Does it have decent battery life? Especially on roms like CM10 or AOKP? (I really just check social networks and news a lot throughout the day and use the browser often. No gaming at all) As of right now, my phone running the newest BuglessBeast can barely make it the whole day with the extended battery, but I attribute that to the processor and non unified LTE chip.


----------



## MistaWolfe (Oct 10, 2011)

The battery on this thing crushes the GNex in every way, shape, and form. You will be amazed.

Lasts the longest on TW in my experience.

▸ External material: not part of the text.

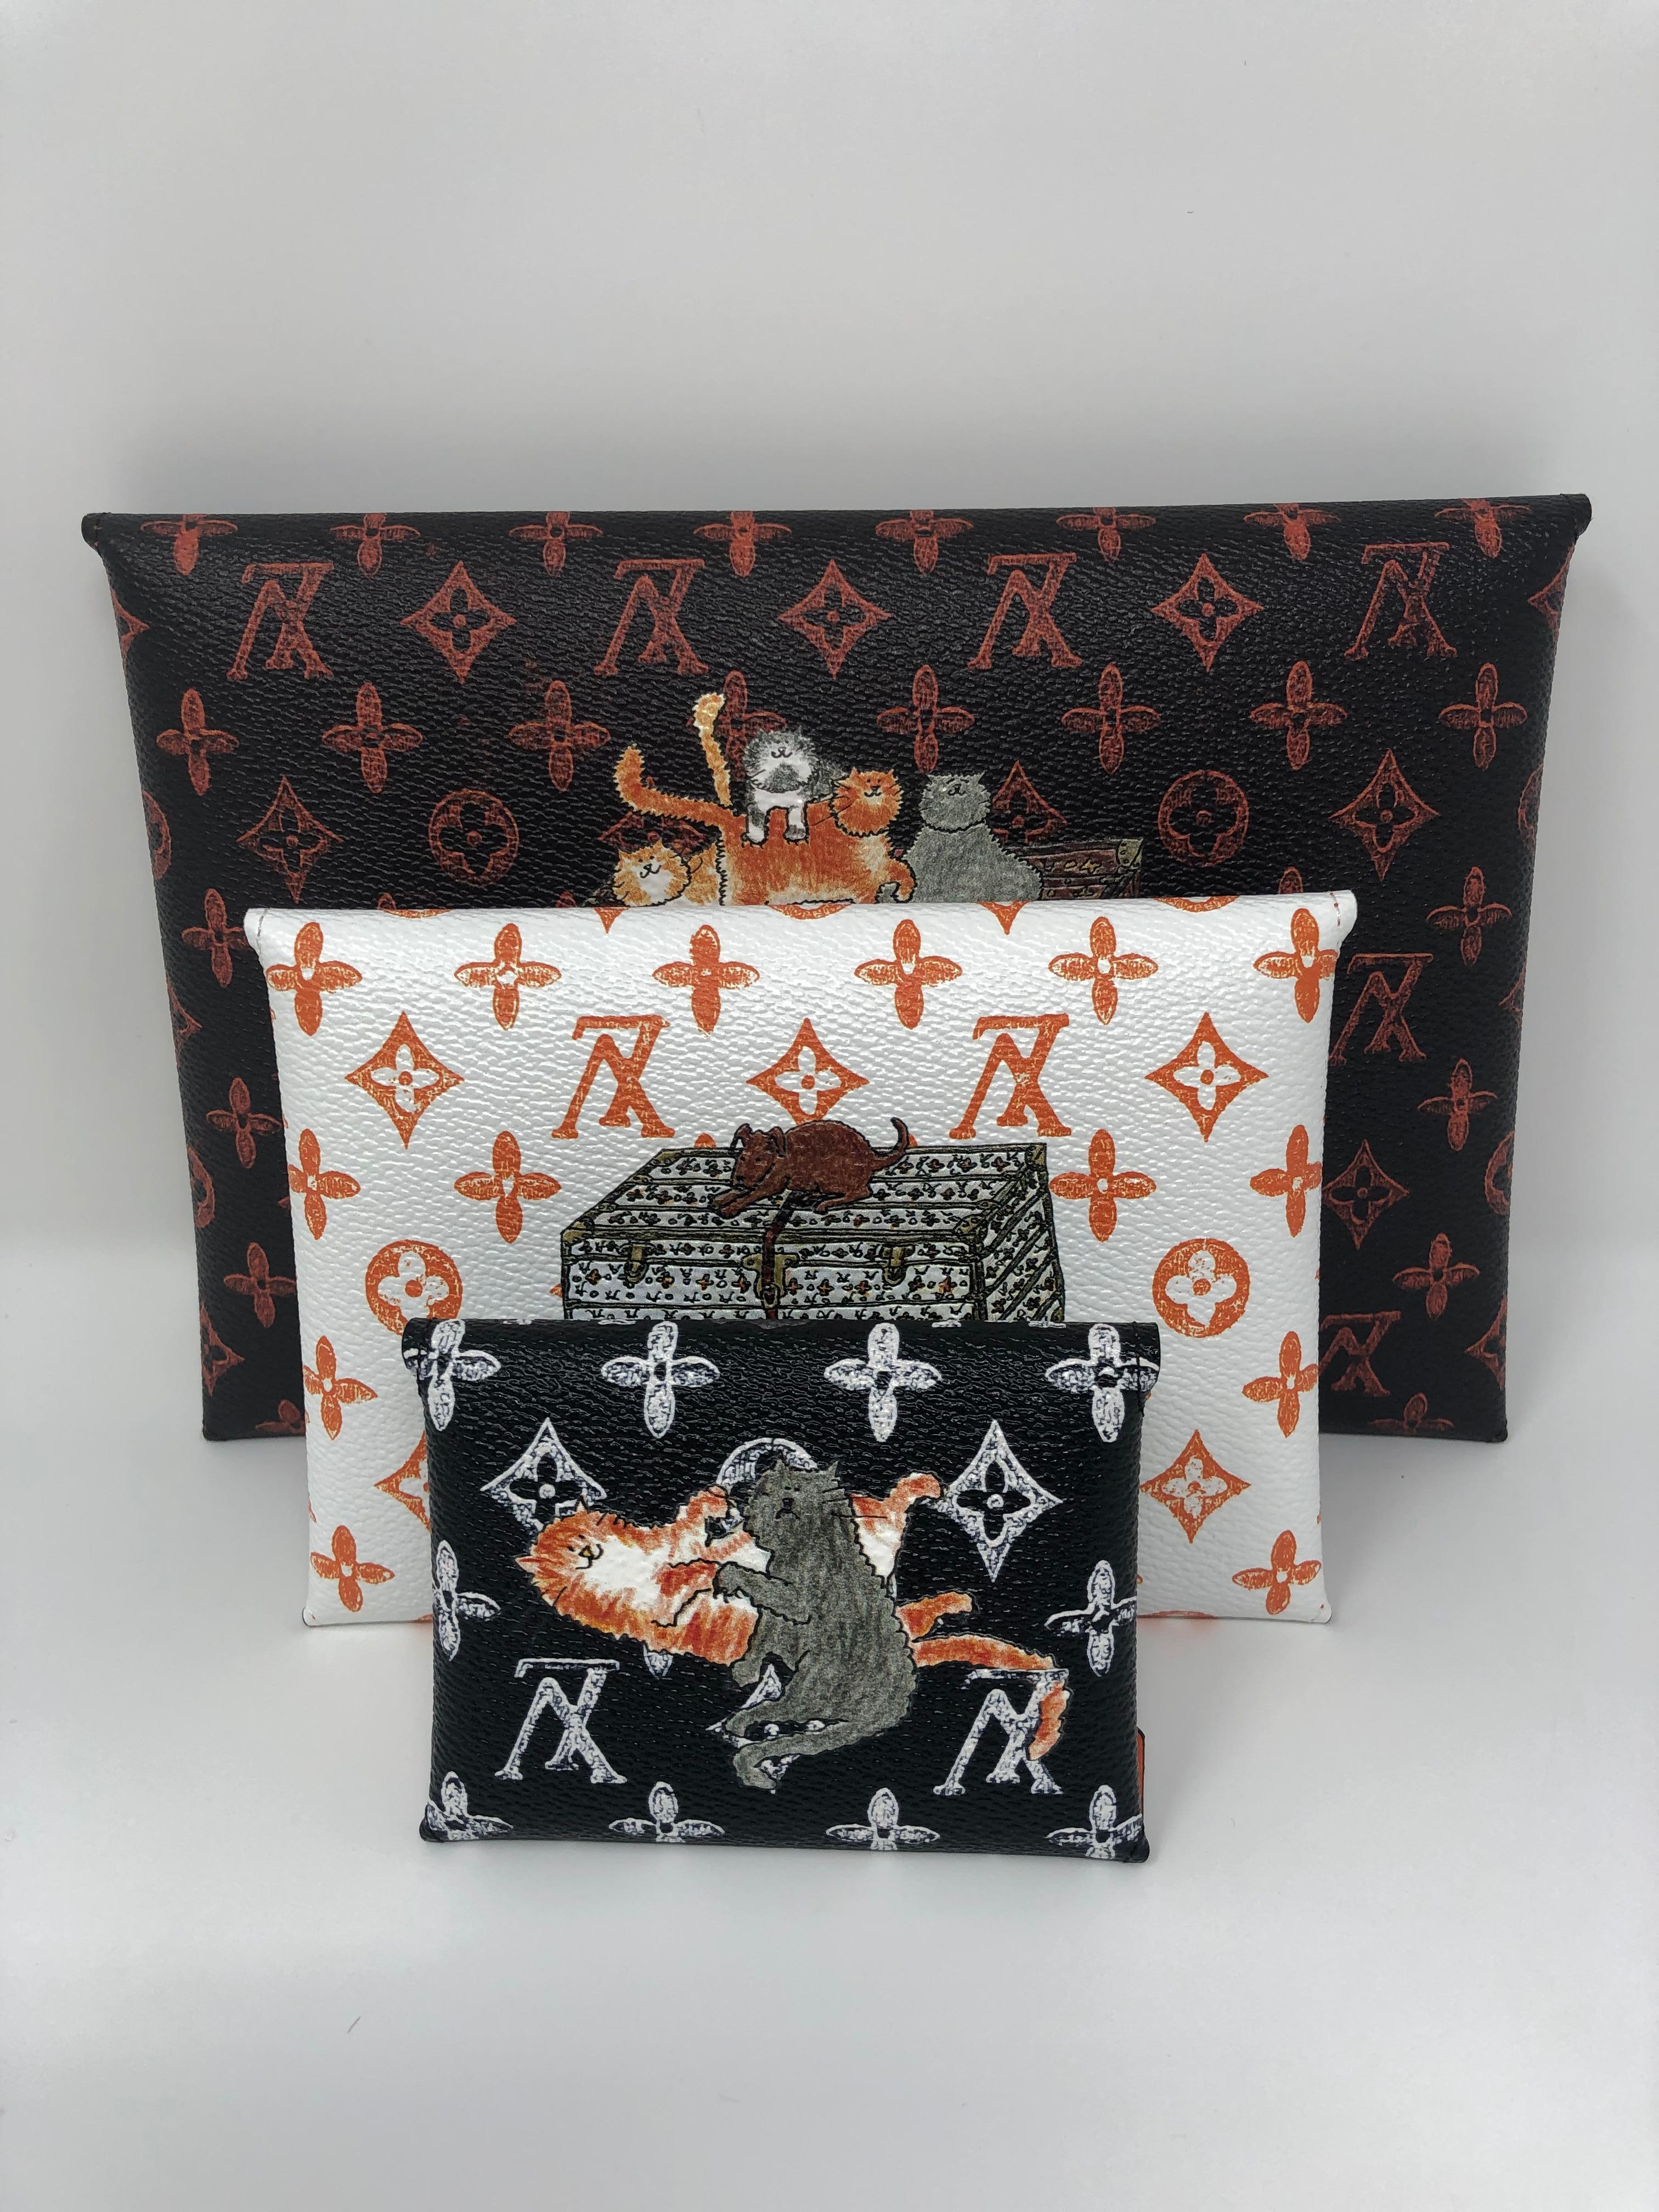 Louis Vuitton Catogramme de Grace Coddington Set Kirigami. Cet ensemble de kirigami se compose de trois pochettes de taille différente. Tout nouveau et très limité. Pièce de collection rare. Comprend l'ensemble de la série originale avec la

Sent from my SCH-I535 using Tapatalk 2


----------



## missingplugin (Aug 25, 2011)

Thanks for the fast reply. I've been looking around the forums and it seems to be the census. Looks like a good phone to get. And the camera is better....


----------



## bobloblaw1 (Jul 2, 2011)

Battery life is excellent.

Sent from my htc_jewel using RootzWiki


----------



## tu3218 (Sep 28, 2011)

battery life is better, camera is better, signal is better, screen is better. This list can go on. I loved my galaxy nexus and still do, but there is no doubt that this phone trumps it. Especially in battery life.


----------



## jrock7885 (Sep 7, 2011)

I'll say this, I have 3 hours of on screen time and I still have 40% battery left. I also would drop data constant on my base but I ddint drop data at all today was my first day using the GS3 so glad I got it. All though I will miss the dev support of Gnex I'm happy I have a phone that works right out of the box

Sent from my SCH-I535 using RootzWiki


----------



## droidxuser123 (Jul 26, 2011)

yesterday i played minecraft for 3 hours and battery still lasted 16hrs


----------



## jbzcar (Feb 3, 2012)

MistaWolfe said:


> The battery on this thing crushes the GNex in every way, shape, and form. You will be amazed.
> 
> Lasts the longest on AOSP in my experience.
> 
> Sent from my SCH-I535 using Tapatalk 2


Fixed that for ya.


----------



## Goose306 (Sep 12, 2011)

jbzcar said:


> Fixed that for ya.


Now that we got the extra ~400 mAh of our battery being reported? Now that it thinks we don't have an 1,800 mAh battery? lol


----------



## MistaWolfe (Oct 10, 2011)

> > *MistaWolfe, on 28 August 2012 - 02:37 PM, said:*
> > The battery on this thing crushes the GNex in every way, shape, and form. You will be amazed.
> >
> > Lasts the longest on AOSP in my experience.
> ...


Lol.Not for me! And I have less syncing when I run AOSP, plus less running processes. Also, both always run at 1512 max.But I still run AOSP Sent from my SCH-I535 using Tapatalk 2


----------